*nudge nudge wink wink

Something caught my attention in this year’s Economic Survey. One whole chapter was dedicated to something really interesting in an otherwise not so interesting document. (Depends who you are talking to) Anyways, it said-Policy for Homo Sapiens, Not Homo Economicus: Leveraging the Behavioural Economics of “Nudge” . Basically the whole chapter goes on to talk about how various public schemes have successfully employed behavioural insights and how the government plans to continue to use this tool in future public policy.

There are many who are skeptical of the Nudge Theory due to their belief in freedom of choice and rejection of any kind of paternalism. For them the standard is, give as many choices as possible and let people choose what they like best. This way of thinking is in fact flawed on three counts. First being the assumption that almost all people, almost all of the time,
make choices that are in their best interest or at the very least are better
than the choices that would be made by someone else. As much as we like to talk about the rational consumer in economics of models relying on lab like conditions, the real world says differently.

Second is the misconception that paternalism will surely involve coercion or force. The truth is a different arrangement of choices or a new default option can bring desirable changes in public behaviour all the while maintaining unrestricted choices. It will be clearer with an example-One can increase or decrease the consumption of certain foods in a buffet by simply altering the arrangement in which food is served. Here no one is removing anything off of one’s plate yet they eat differently now.

And lastly the notion that people’s choices can’t be influenced. Rather we are subjected to unintentional nudges all the time that a 100% affect our behaviour. With this out of the way I’d like to talk about the choice architecture (the said arrangement of choices) that for the major portion depend on our human inadequacies. Normally the human mind works remarkably. We can recognize people we have not seen in years and run down a flight of stairs without falling. Some of us can speak multiple languages, build supercomputers and come up with game theory. However all of us have biases.

1-Anchors as Nudges- When charities ask you for a donation, they typically offer you a range of options such as ₹100, ₹250, ₹1,000 or “other.” These values are not picked at random. The options influence the amount of money people decide to donate. People will give more if the options are ₹100, ₹250, ₹1,000 than if the options are ₹50, ₹75, ₹100.

2-Availability-This involves a biased assessment of risk. If you have personally experienced a serious earthquake, you’re more likely to believe that an earthquake is likely than if you read about it in a weekly magazine and more likely to buy insurance for it irrespective of the actual risk you face. Nudging towards true probabilities can help.

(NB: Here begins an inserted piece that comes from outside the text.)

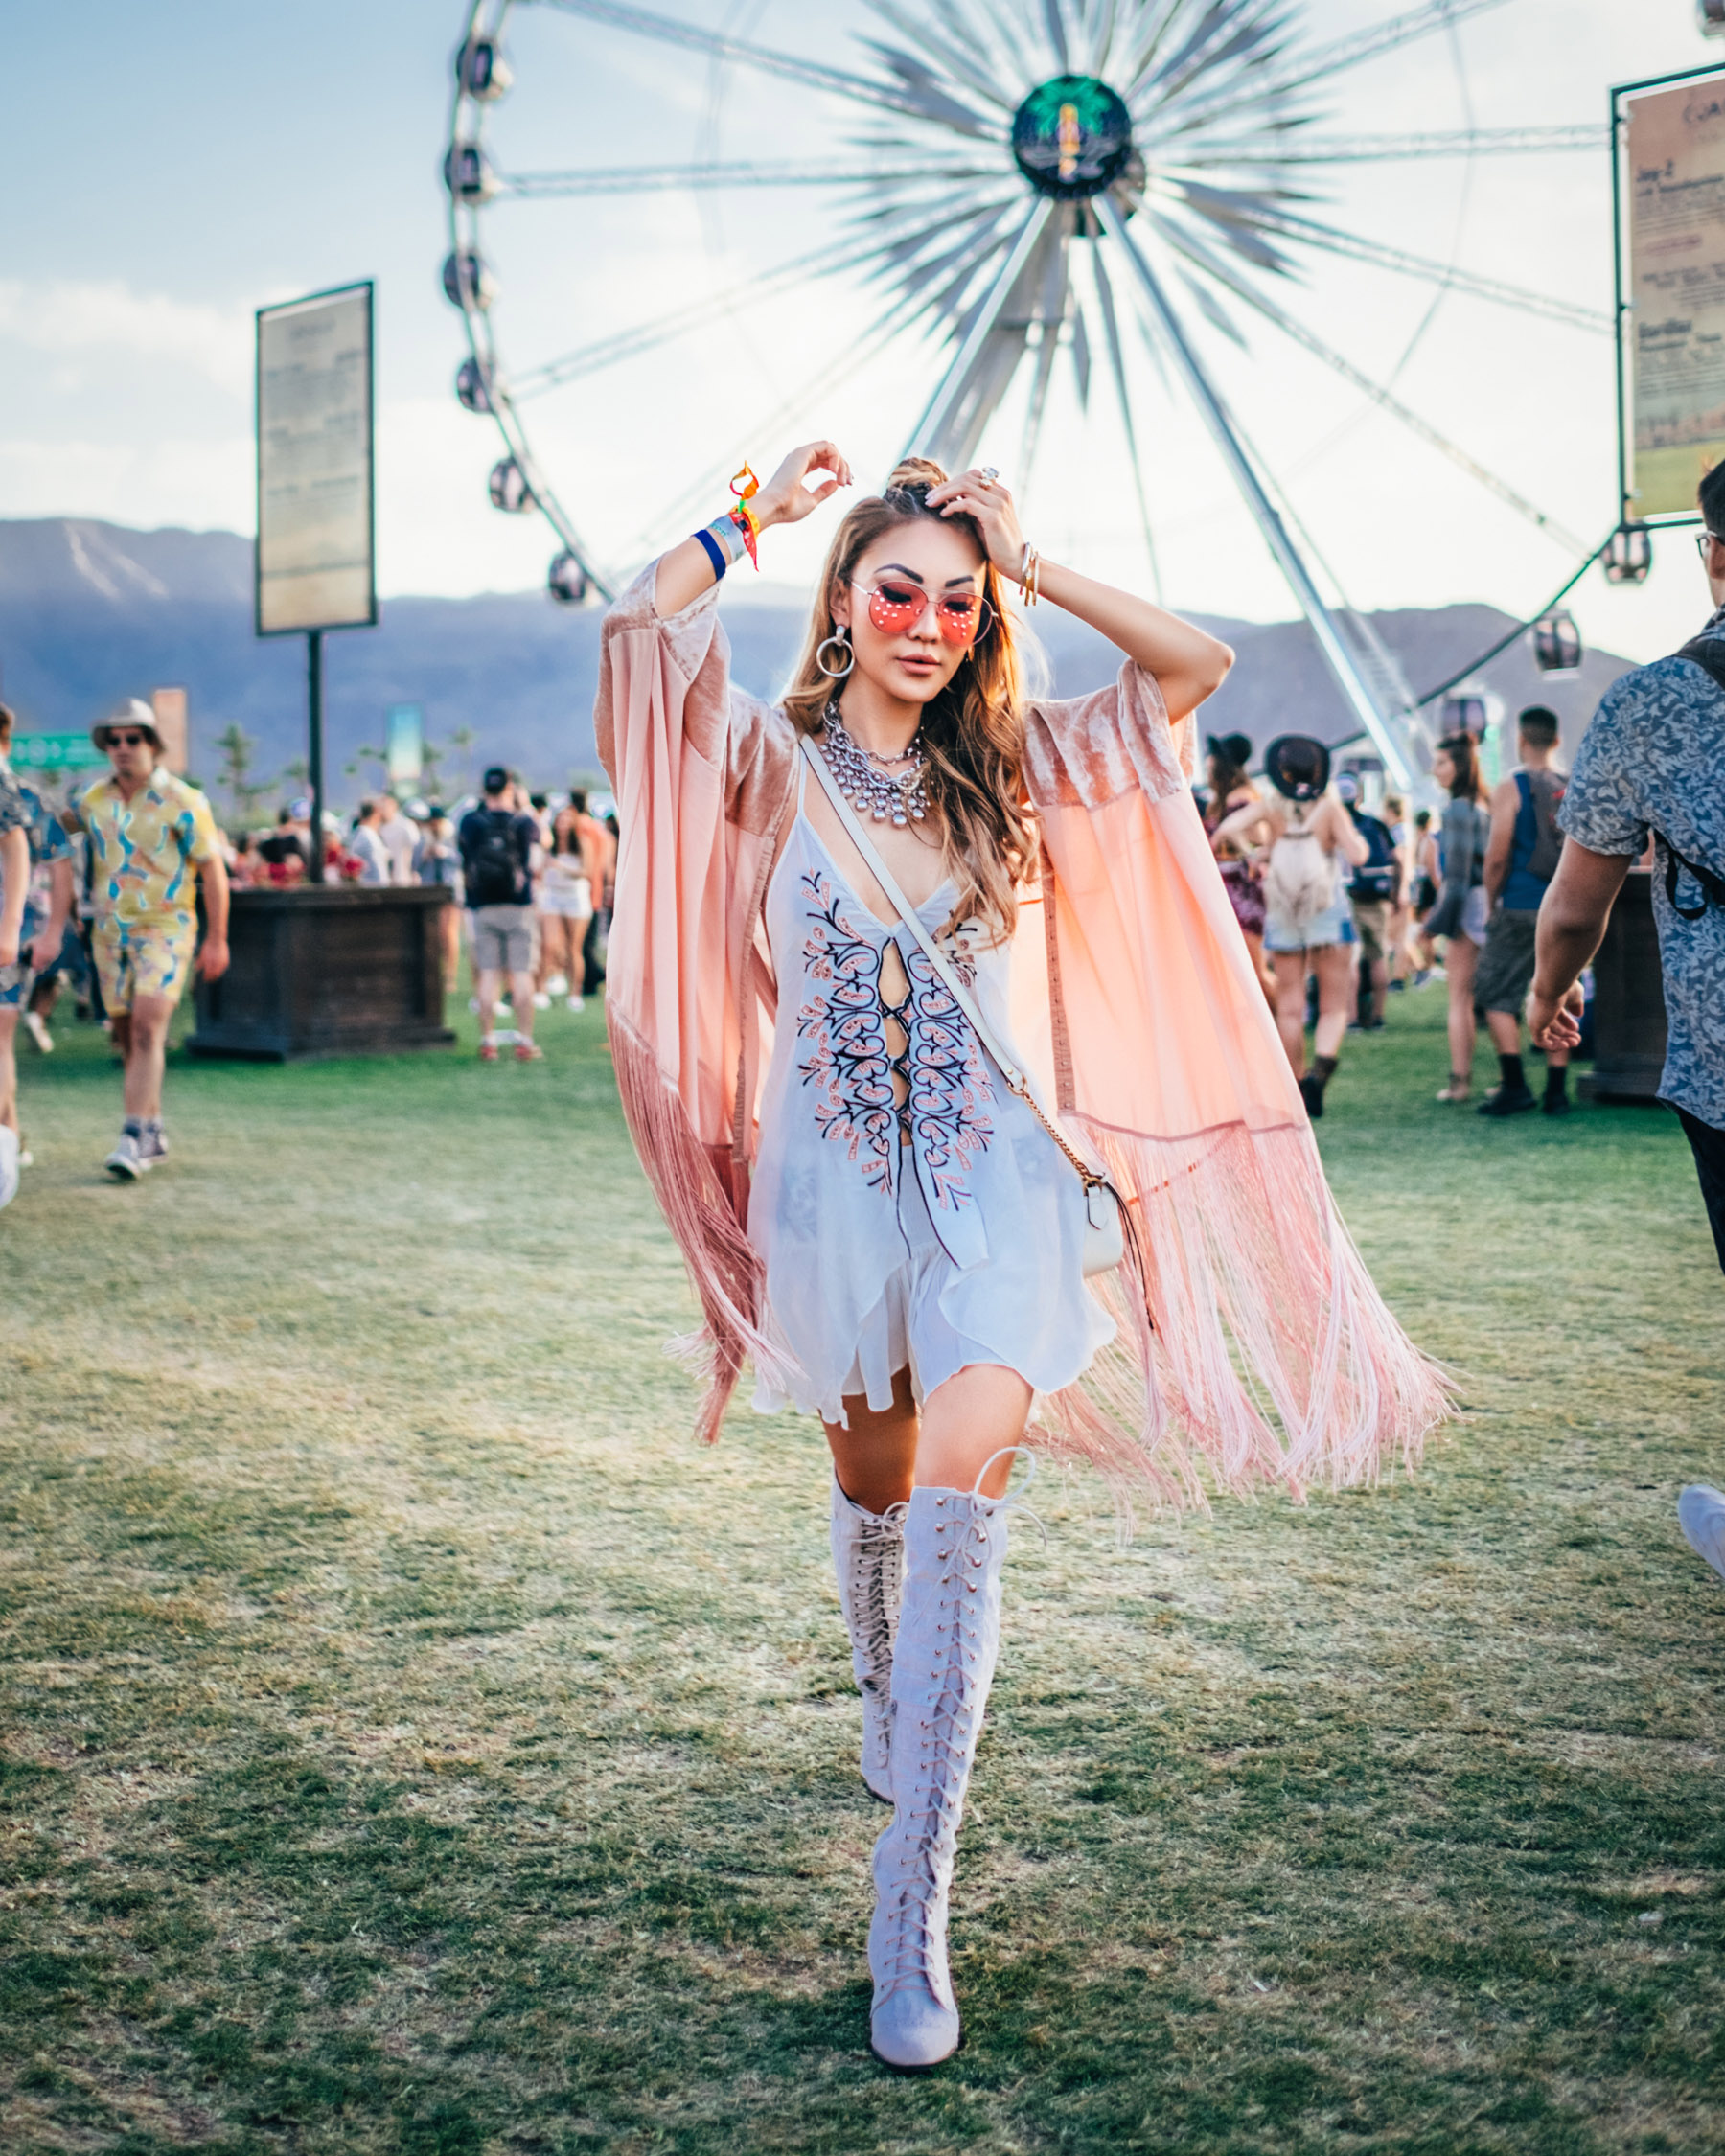 Coachella Outfits Ideas, Festival Style, Laced Up Boots Outfits for Coachel...

3-Representativeness- We find patterns even in places where they don’t exist. For instance, cancer clusters. In a population of millions, it is inevitable that certain neighborhoods will see unusually high cancer rates within any one-year period. The resulting “cancer clusters” may be products of random fluctuations.

4-Unrealistic Optimism- Asked to envision your future, you’d say that you are far less likely than others to be fired from a job, to have a heart attack, to be divorced after a few years of marriage, or to have a drinking problem. No chain smoker thinks she/he will contract lung cancer! All of us need help here.

5-Loss Aversion- Losses hurt us more than gains of equal amounts.

6-Status Quo Bias- All of us have a general tendency to stick to our current situation. We rarely change our network provider, our newspaper subscription that renews itself. We love defaults and so these can act as a wonderful nudges in weighty domains like our retirement and insurance plans.

Nudges can seriously help in matters like saving the planet or increasing organ donation. By keeping the default as ‘DONATE’ with a choice of opting out has resulted in more organ donation than if the default was ‘NOT DONATE’ with the choice of opting in to donate.

If you like this sort of stuff I suggest you the amazing book “Nudge-Improving decisions about Health, Wealth and Happiness by Richard H. Thaler and Cass R. Sunstein”.